▶ **INSTRUCTIONS FOR THE TASK**
Give the listing again word for word. Leave every image out.

*** SOURCE MATERIAL ***

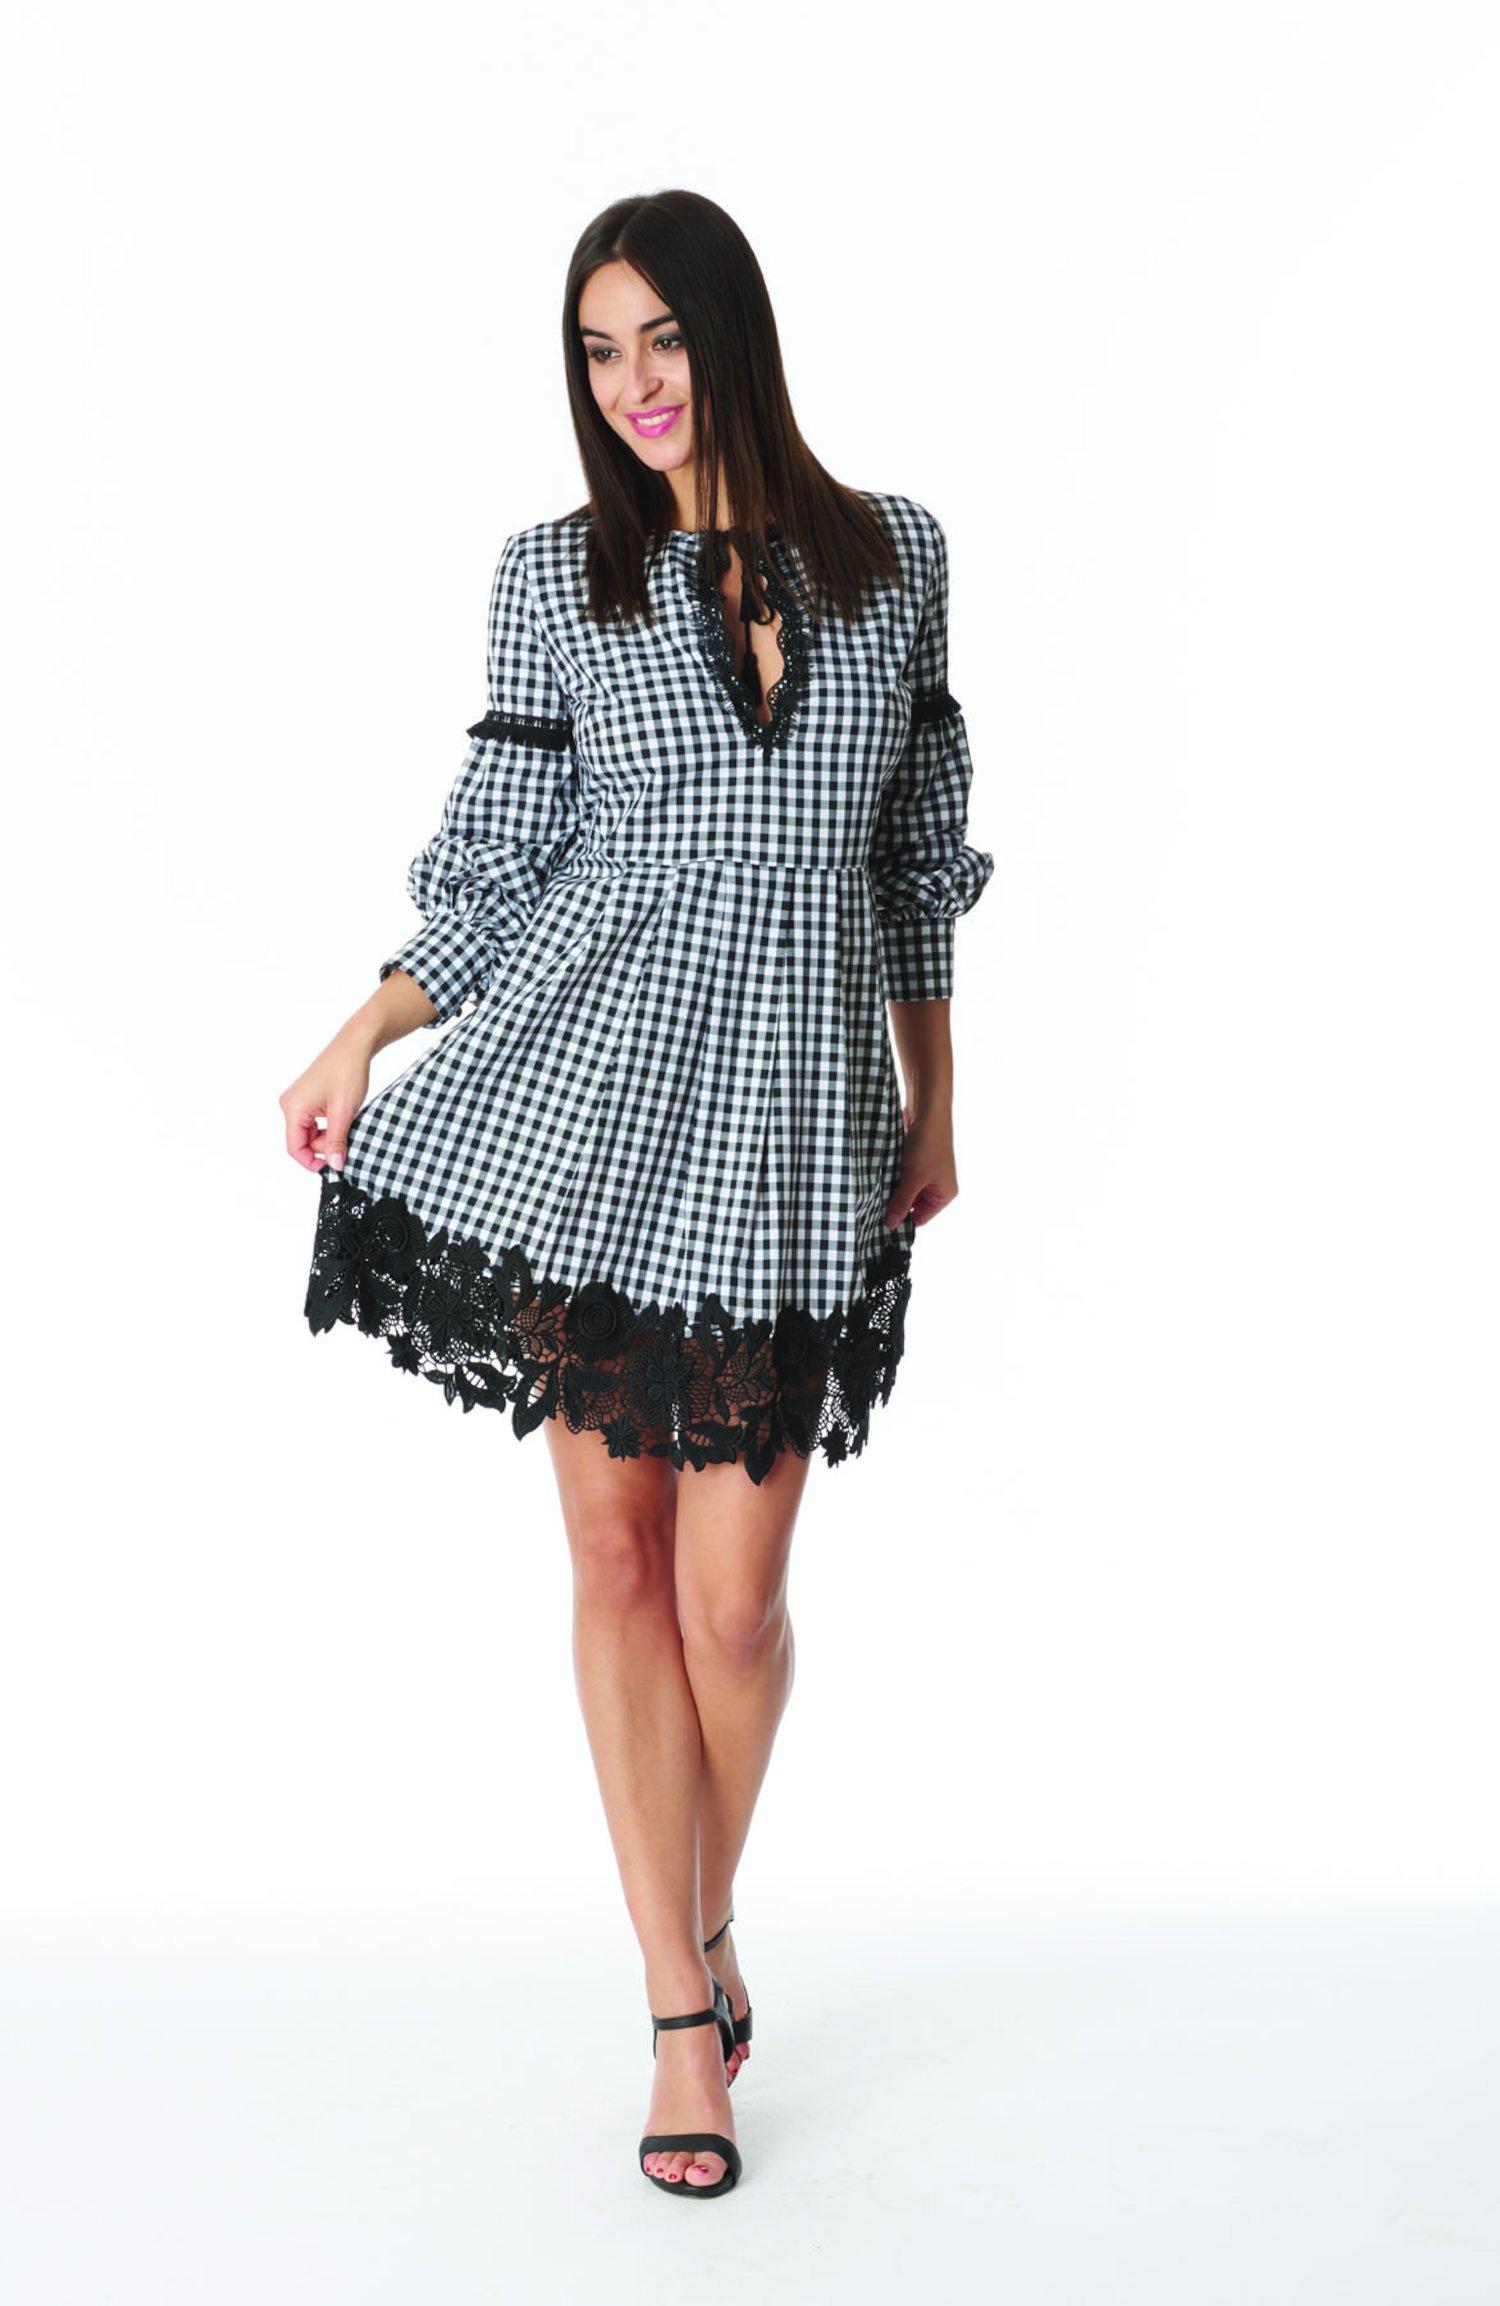 SHORT DRESS KAFTAN VICHY - Vichy Bianco Nero
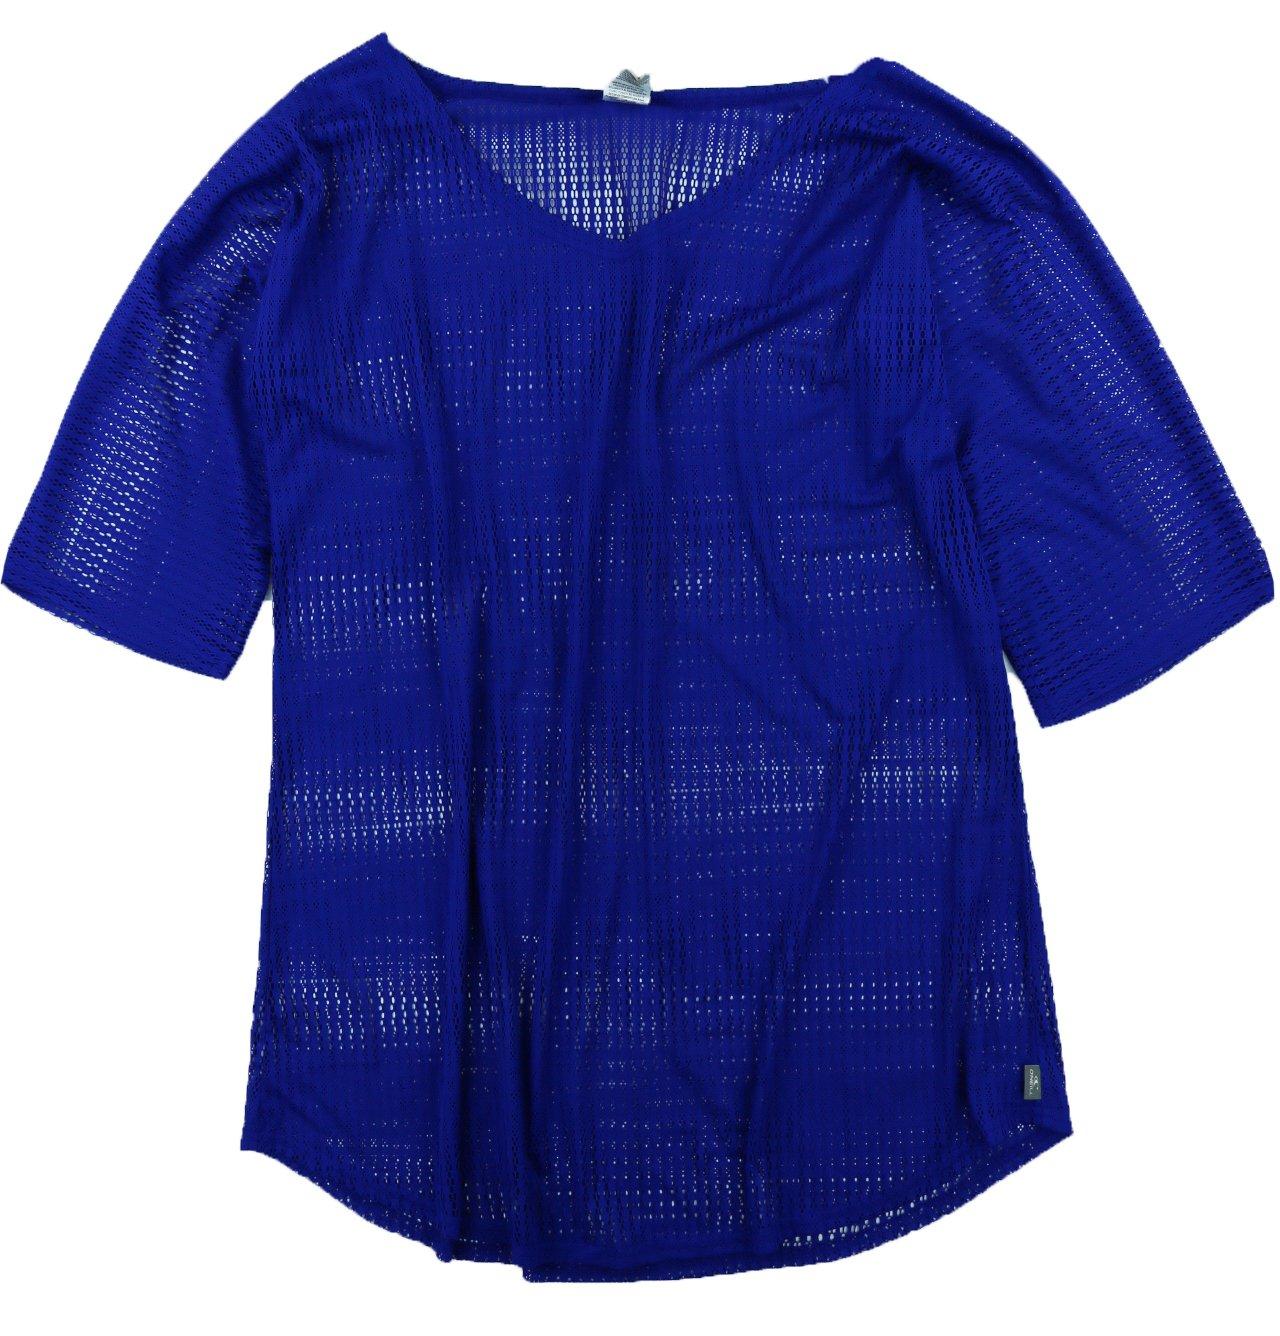 ONeill Womens Swimsuit Cover up (M/L, Cobalt Blue)
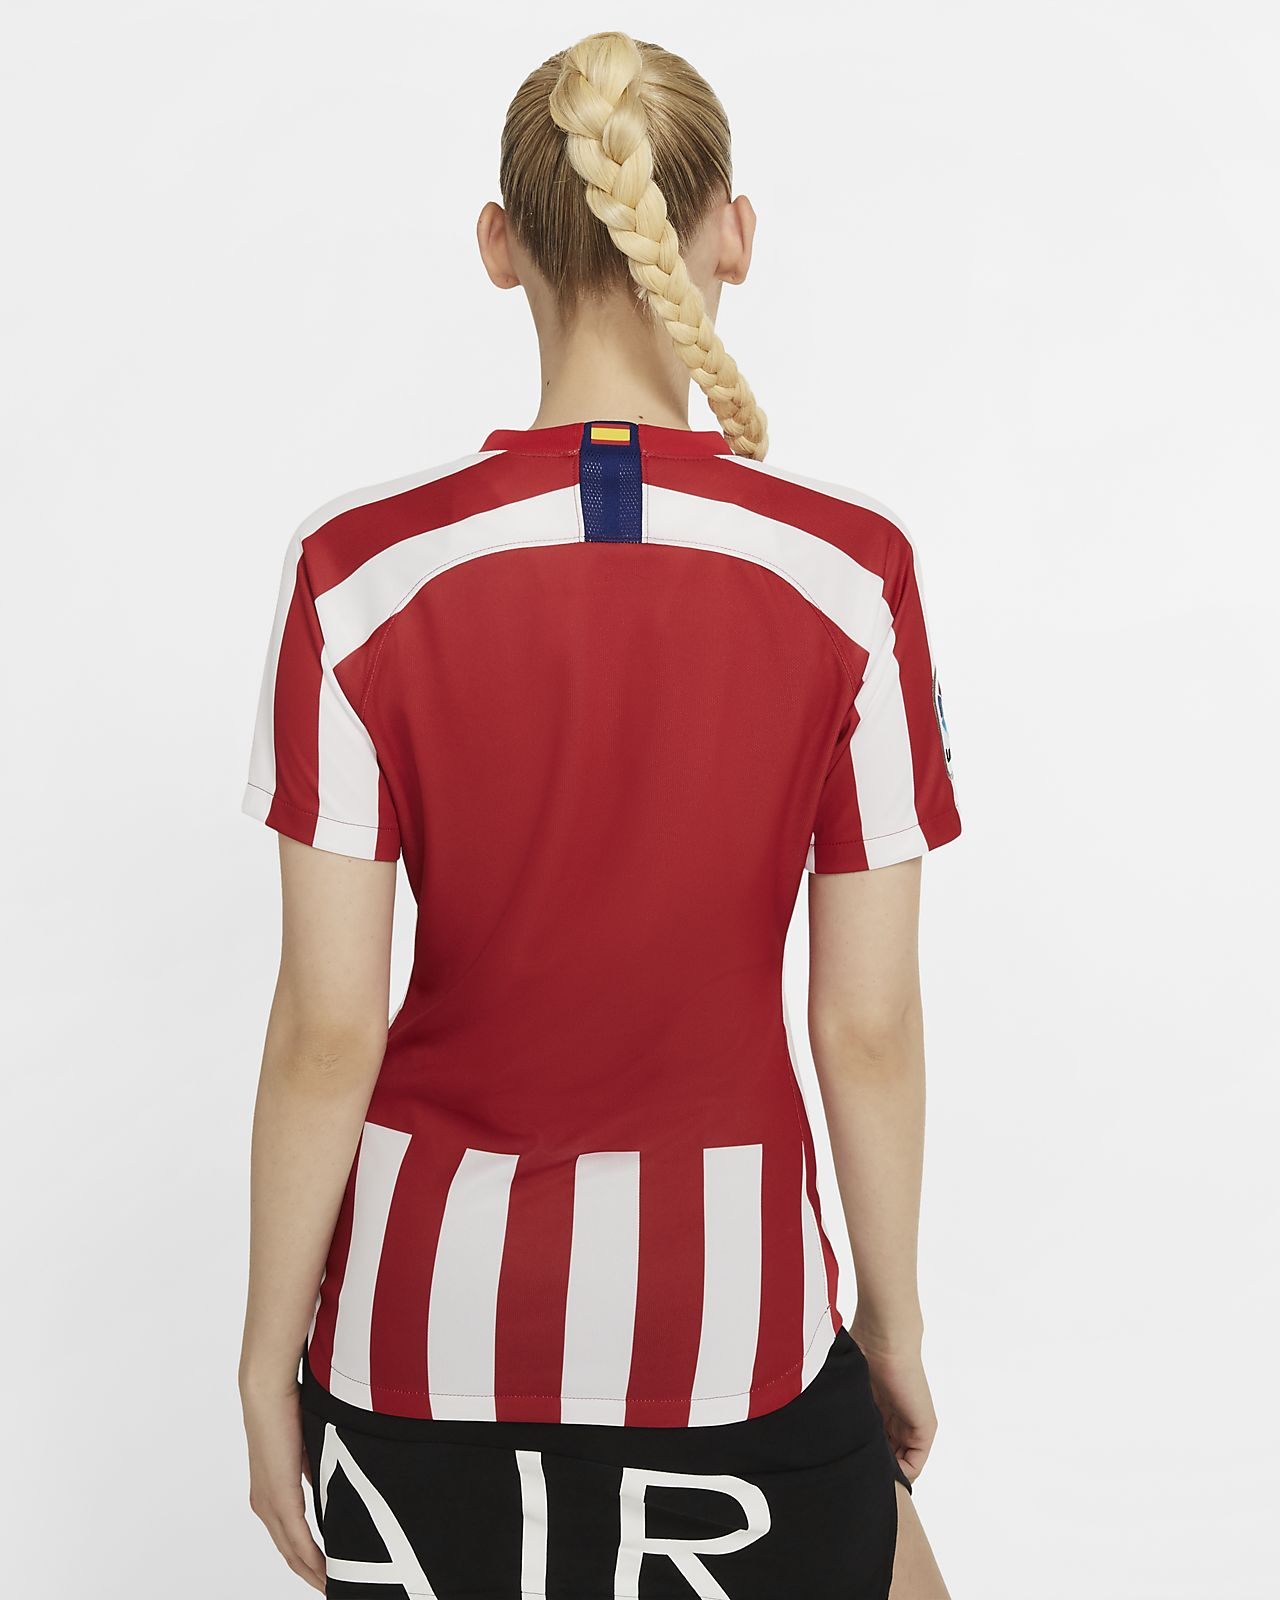 Camiseta Local Atlético 201920 Fútbol Del Para Mujer Stadium Madrid De bgvf76yIY
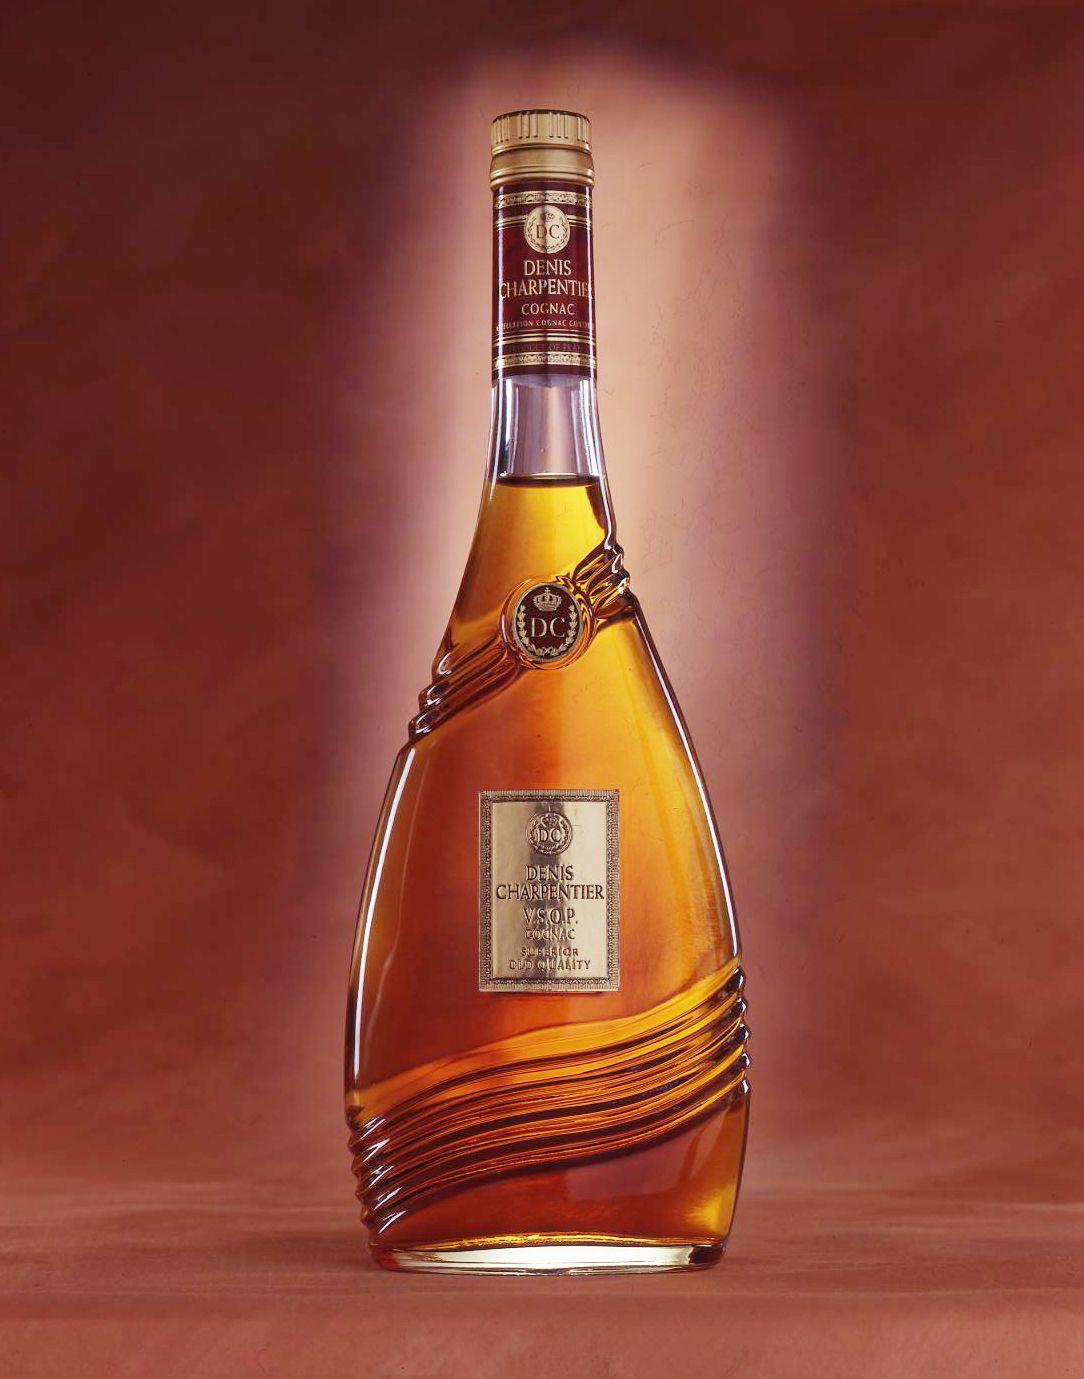 Denis Charpentier Vsop Superior Cognac Memento Linea Liquor Bottles Bottle Strong Drinks

*** End of SOURCE MATERIAL ***

▶ **SOLUTION TO THIS EXERCISE**
 SHORT DRESS KAFTAN VICHY - Vichy Bianco Nero
 ONeill Womens Swimsuit Cover up (M/L, Cobalt Blue)
 Camiseta Local Atlético 201920 Fútbol Del Para Mujer Stadium Madrid De bgvf76yIY
 Denis Charpentier Vsop Superior Cognac Memento Linea Liquor Bottles Bottle Strong Drinks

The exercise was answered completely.